What am I trying to do?

Last night I didn’t add words to “And Blow Them at the Moon,” instead spending my evening re-reading the relevant chapters from my research, and thinking about the story. It’s important to ask myself: what am I trying to do? What are the things I want my narrative to accomplish?

Normally this isn’t the kind of thing I share publicly (it comes too close to spoilers), but this time I think I’ll think out loud. Behind a cut, though, so you don’t have to know anything more about the plot than you want to.

What do I need this story to do?


1) Explain what the Gunpowder Plot was. I think a decent percentage of Americans could manage the one-sentence explanation of “Guy Fawkes tried to blow up the Houses of Parliament.” (Brits could, one hopes, manage more.) This is almost enough: add the clause “though it was really Catesby’s idea,” and that’s most of what I need to convey. There are a lot of smaller details, of course, but this is a short story; the finer points of them leasing the Whynniard house and the store-room underneath the Lords and all the rest of it doesn’t really matter. Not when my pov character is not a conspirator. Maybe one sentence mentioning that they want to set Elizabeth up as a puppet-queen afterward; that’s as far as it needs to go.

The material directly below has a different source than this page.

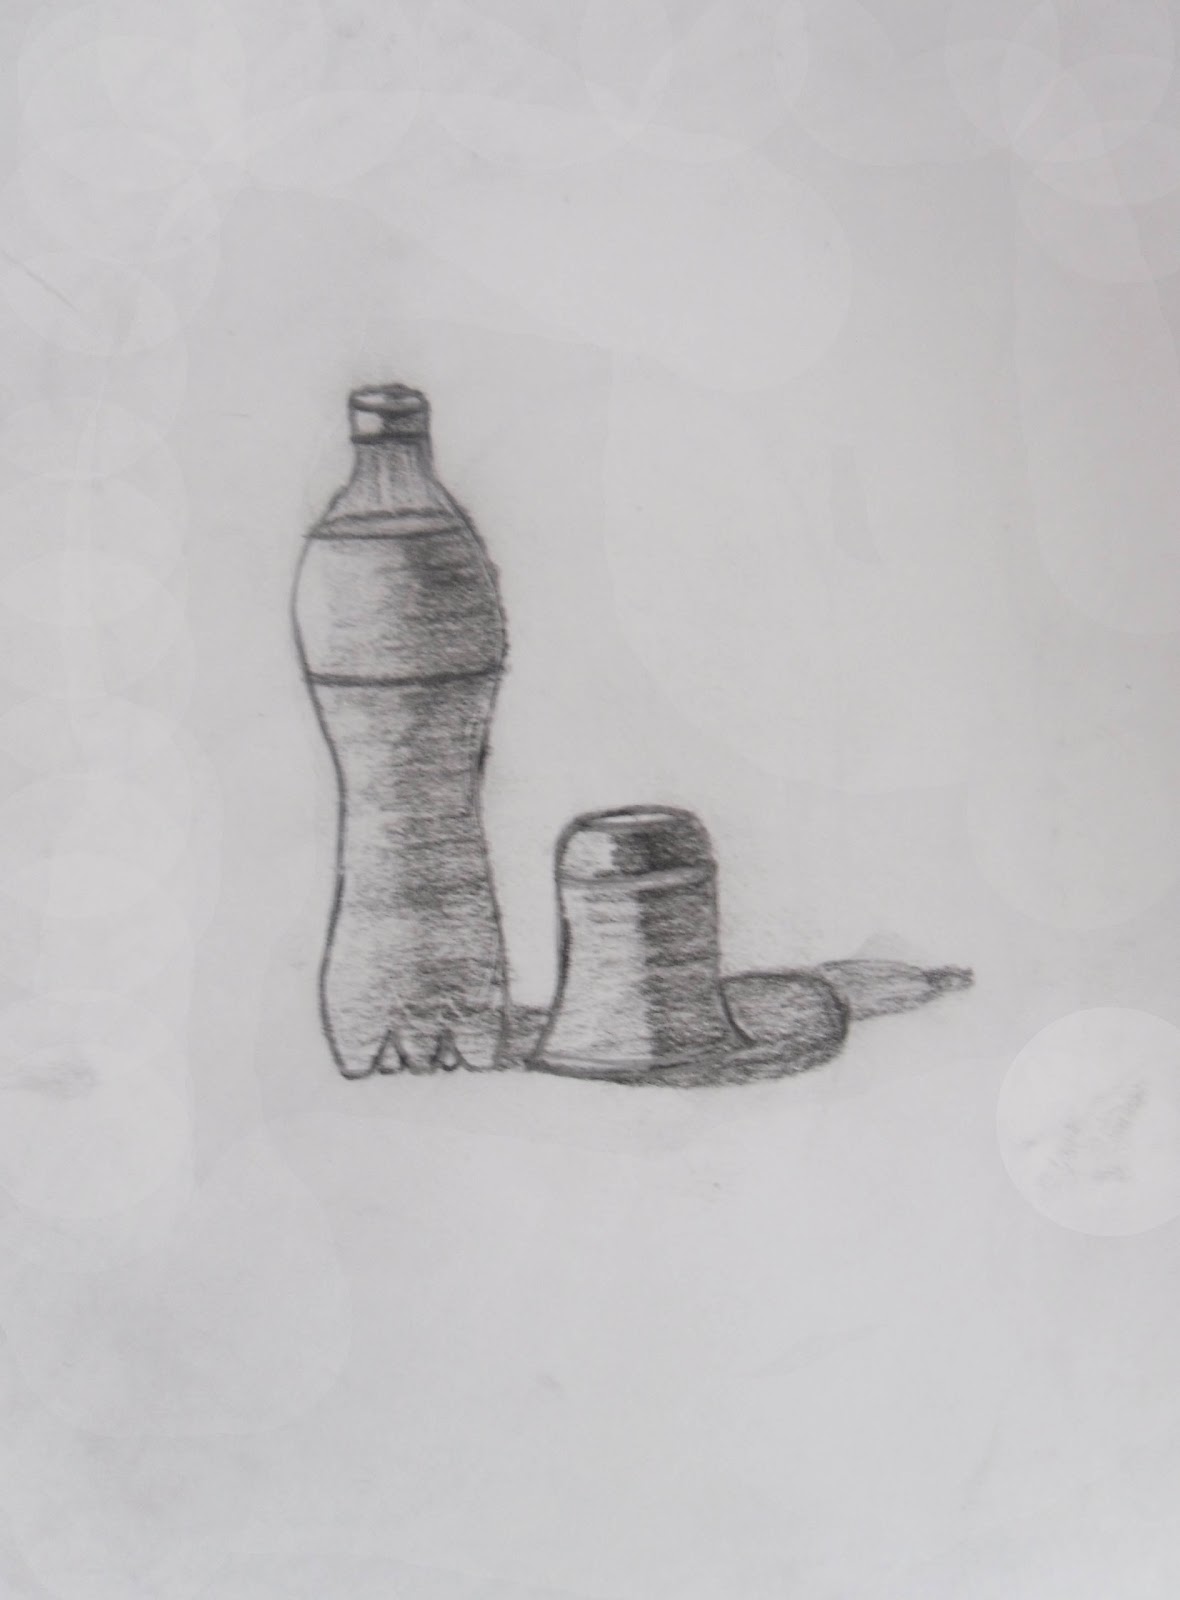 Creative Object Drawing Sketching for Kindergarten

2) Explain why the Gunpowder Plot was formed. This is both more important, and less well-known: thanks to V for Vendetta, some Americans might be able to quote the rhyme, but I doubt they know it had anything to do with Catholicism. So I do need to lay out the basic framework here, of Catholic persecution, the belief (carefully fostered by James) that a new King would mean new toleration, and the disappointment when James’ supposed promises turned out to be the usual political noise.

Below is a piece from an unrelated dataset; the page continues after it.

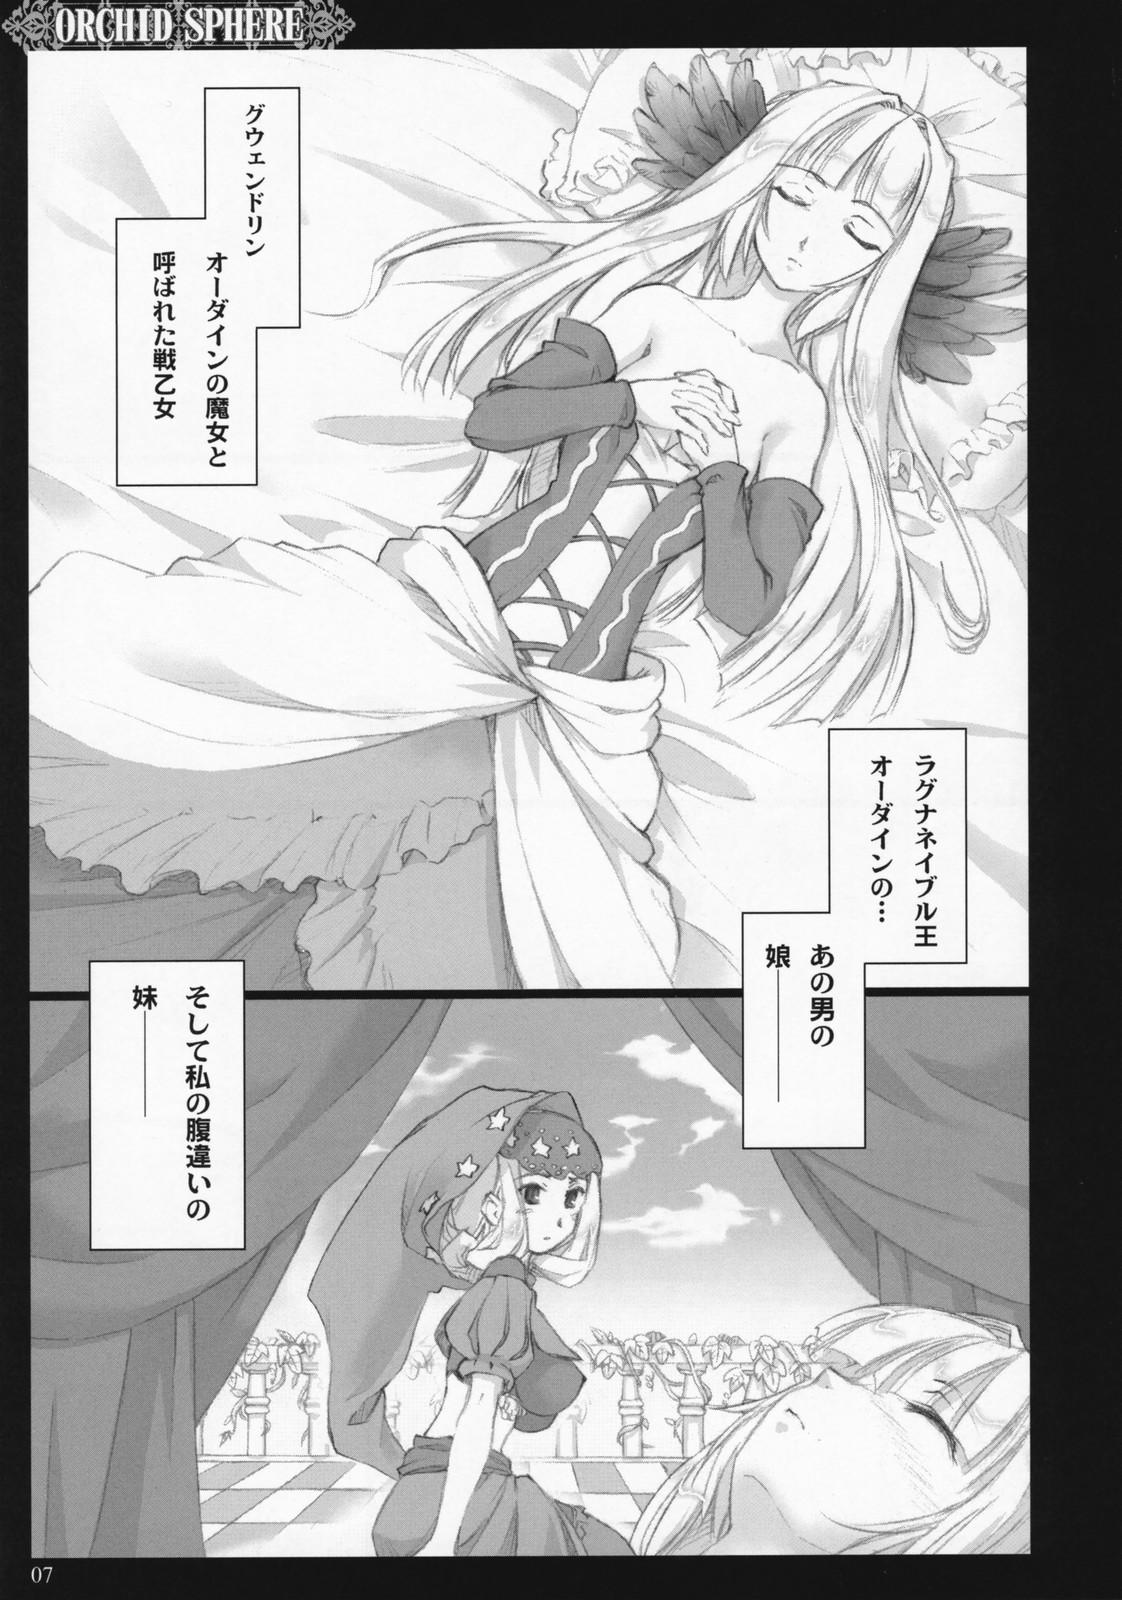 Blow Job Orchid Sphere - Odin sphere Girl - Page 6

3) Work in faerie involvement. Because this is, after all, an Onyx Court story. I’m attempting to follow my usual pattern here, which is to slip the faeries in beneath the cracks, using them to explain otherwise murky turns of event. In this case, that means two things: 1) the supposed Westminster mine and 2) the Monteagle Letter. I’d also like to make use of the eclipses, as I’ve said before; they could help magic up what is otherwise currently a rather mundane story. But that means connecting the eclipses to something else, and I’m not sure what. (Why couldn’t Tresham’s father have kicked it on the lunar eclipse, or Catesby have recruited Tresham during the solar one? Very inconvenient timing on their part.)

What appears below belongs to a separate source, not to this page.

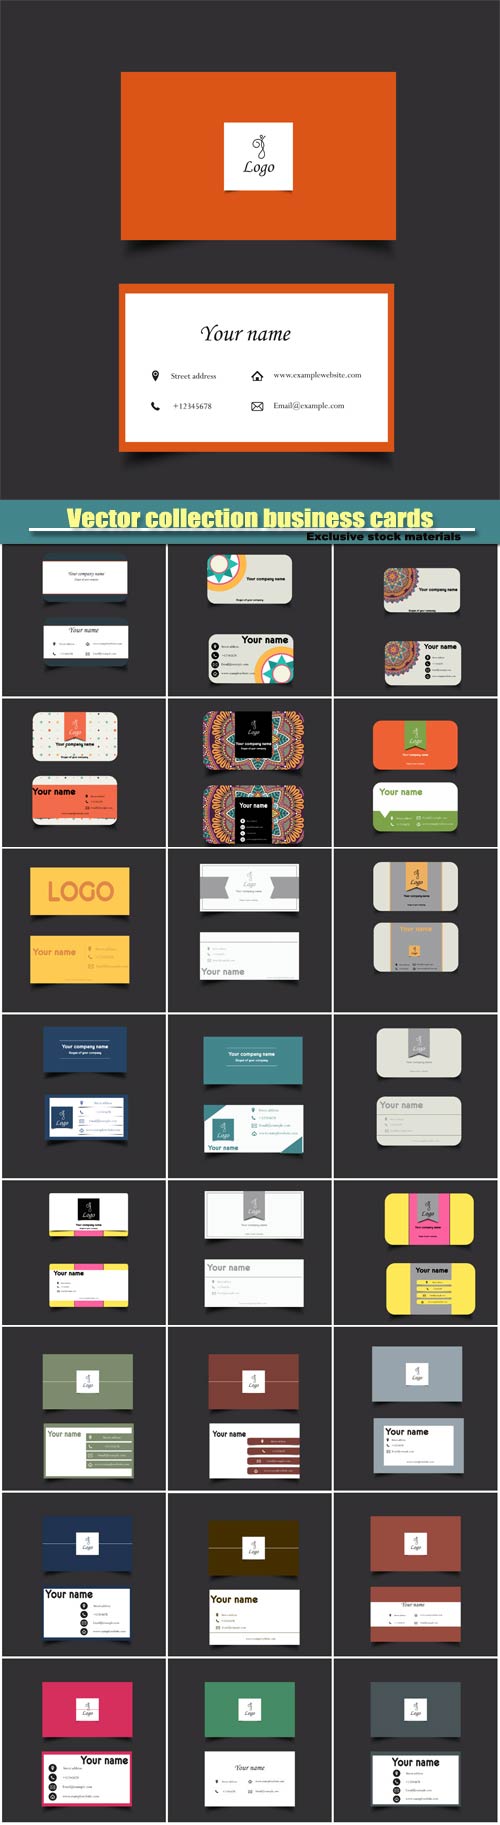 Vector collection business cards

4) Give the reader a reason to care. Every story has to do this, of course, but here I need that reason to serve two additional purposes: one, generating a degree of sympathy for the Catholic community (if not for the Plotters themselves), and two, bringing the mortal and faerie worlds together. Because I’ve chosen to write from the perspective of a faerie, and moreover a faerie who’s sympathetic to the Catholic cause. She cares about those people (against her better judgment), and wants to prevent the disaster she sees coming. It isn’t going to end well for her, of course — it can’t, unless I turn this into alternate history — but that’s okay. You can get away with tragedy in a short story.

Unfortunately, that’s four things I need to accomplish in as few words as possible. Less than 10K is my hard limit; less than 9K would be better; less than 8K would be better still. (As I lose at least one good market at each of those thresholds.) Less than 6K would be excellent, but it’s not going to happen; I currently have 4,770 words, and I need to write at least two more scenes — one with Tresham, and one before it, since it’s too soon for that to happen — and finish the two I wrote the other night.

Too soon for the Tresham scene yet; therefore the logical question for me to ask next is, what has to happen before that one can? I think I need to work in more faerie stuff. In a story that revolves around what mortals are doing, it’s easy to let the fantasy fall by the wayside, so I need to come up with something Onyx Court-centric that also furthers my plot.

I have some ideas, I think. Time to go roll around on the floor and stare at the ceiling until they take shape.